• Information shown:
◆ ◆ ◆

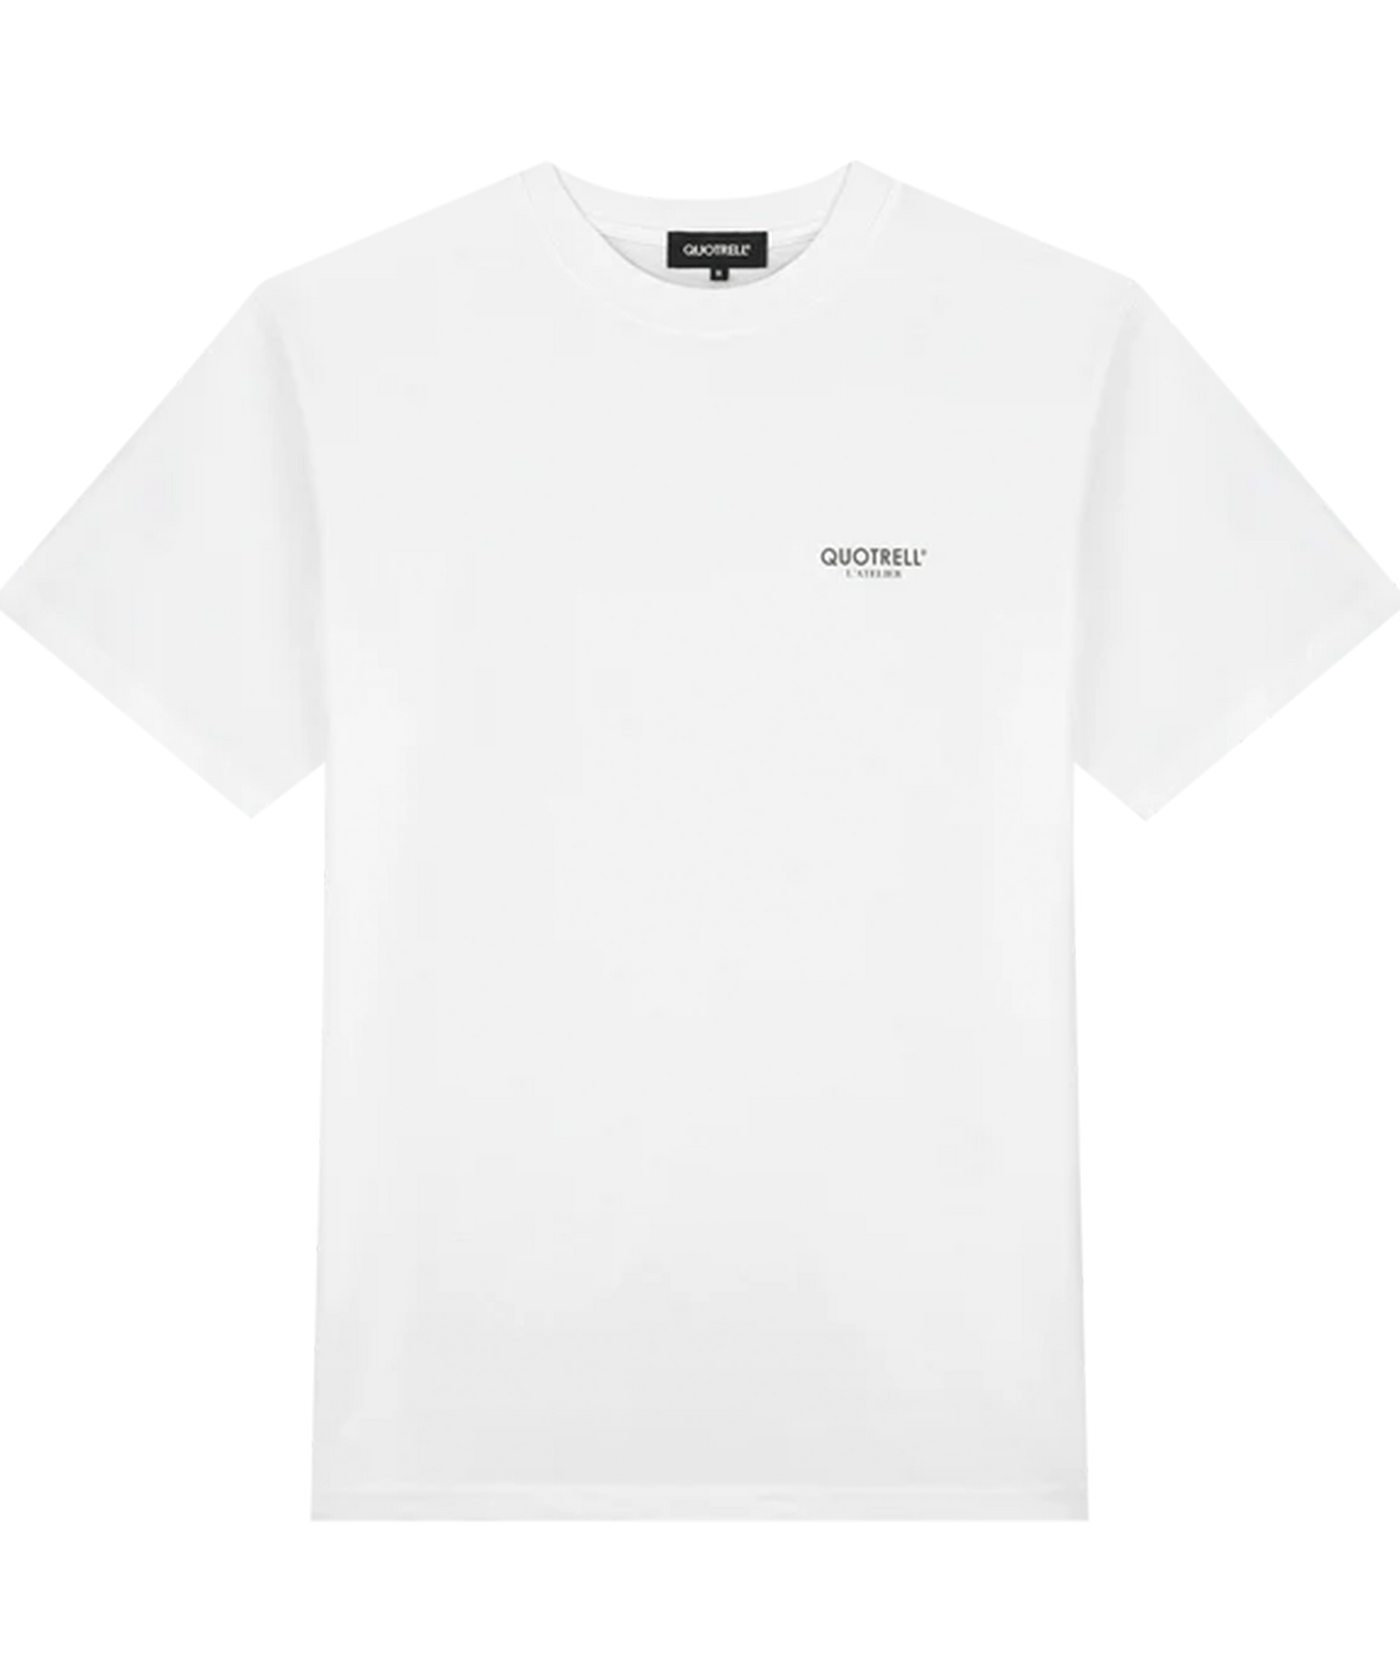 Quotrell - L' Atelier - T-shirt - White/army
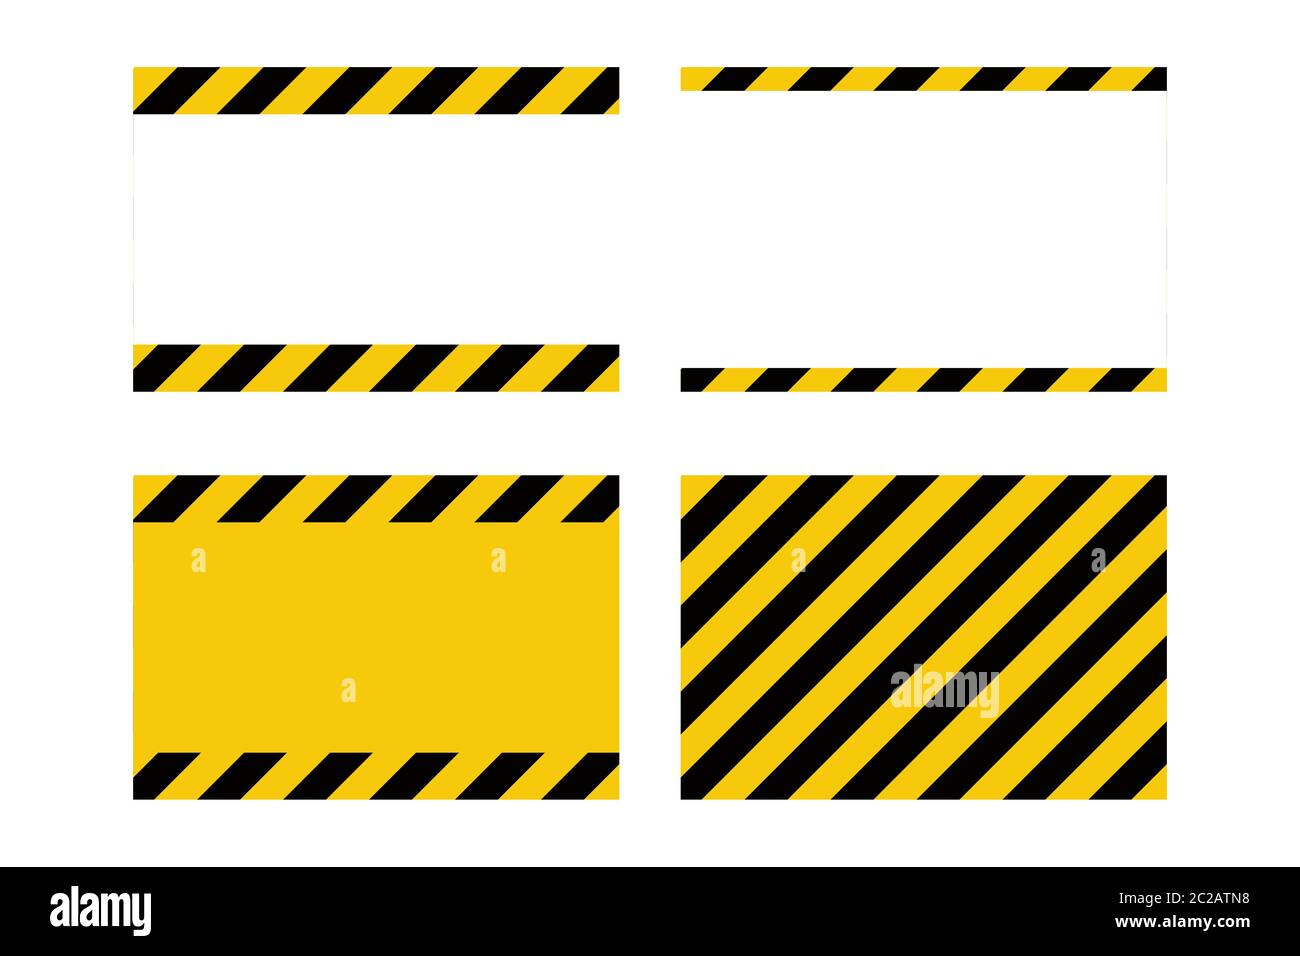 Black and yellow line striped background. Caution tape Stock Vector
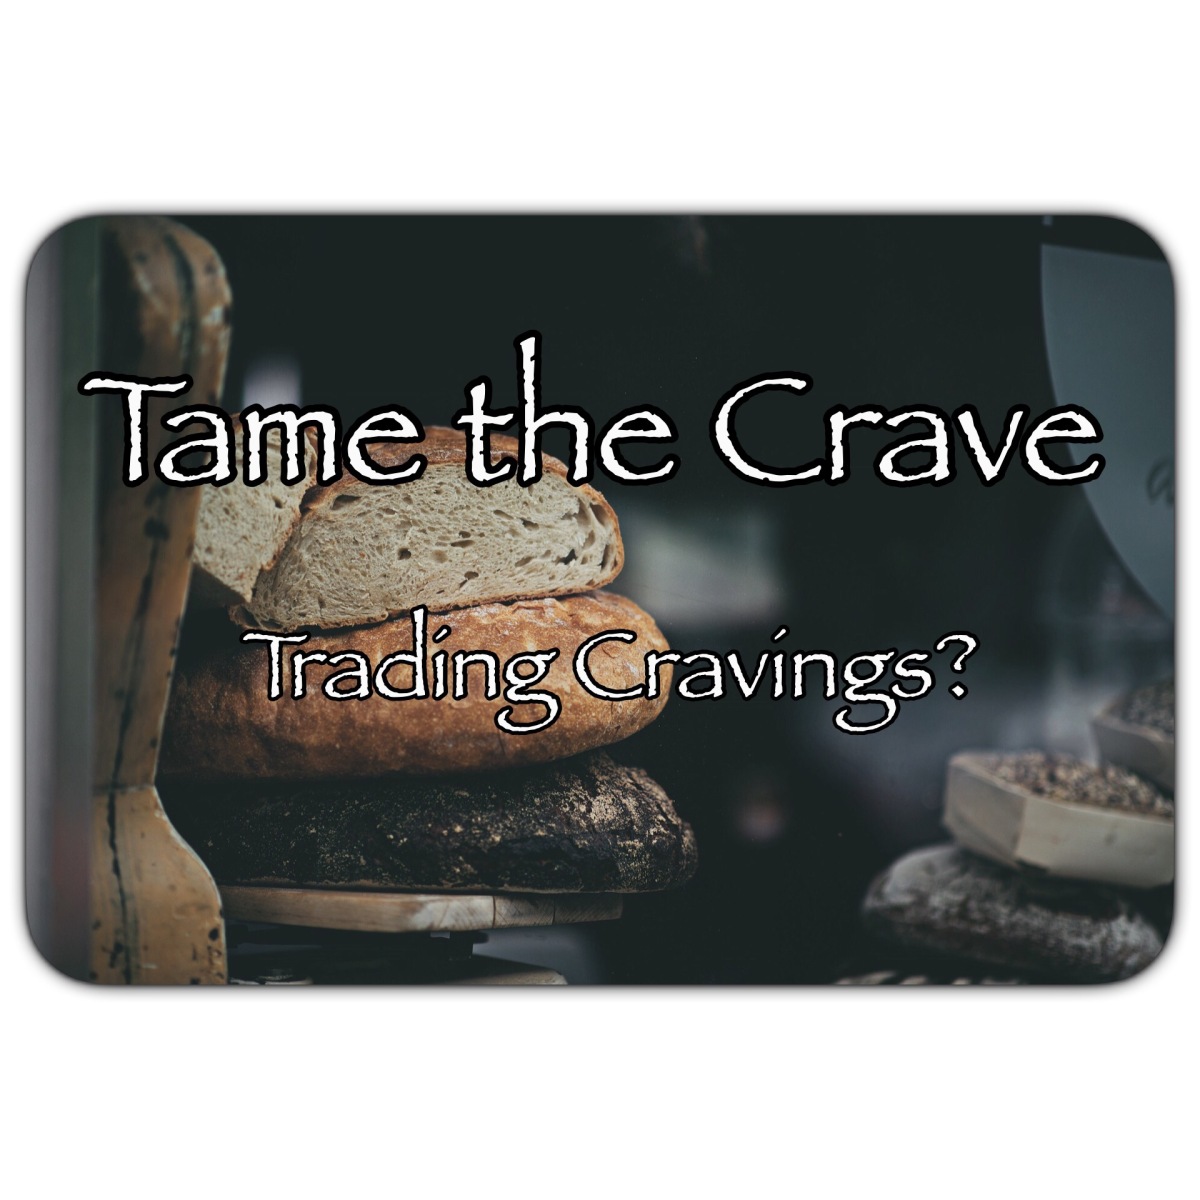 Tame the Crave – Trading Cravings?

◆ ◆ ◆

• Work request:
Each line above is to be repeated exactly as written; no picture is carried over.

• Solution:
 Quotrell - L' Atelier - T-shirt - White/army
 Black and yellow line striped background. Caution tape Stock Vector
 Tame the Crave – Trading Cravings?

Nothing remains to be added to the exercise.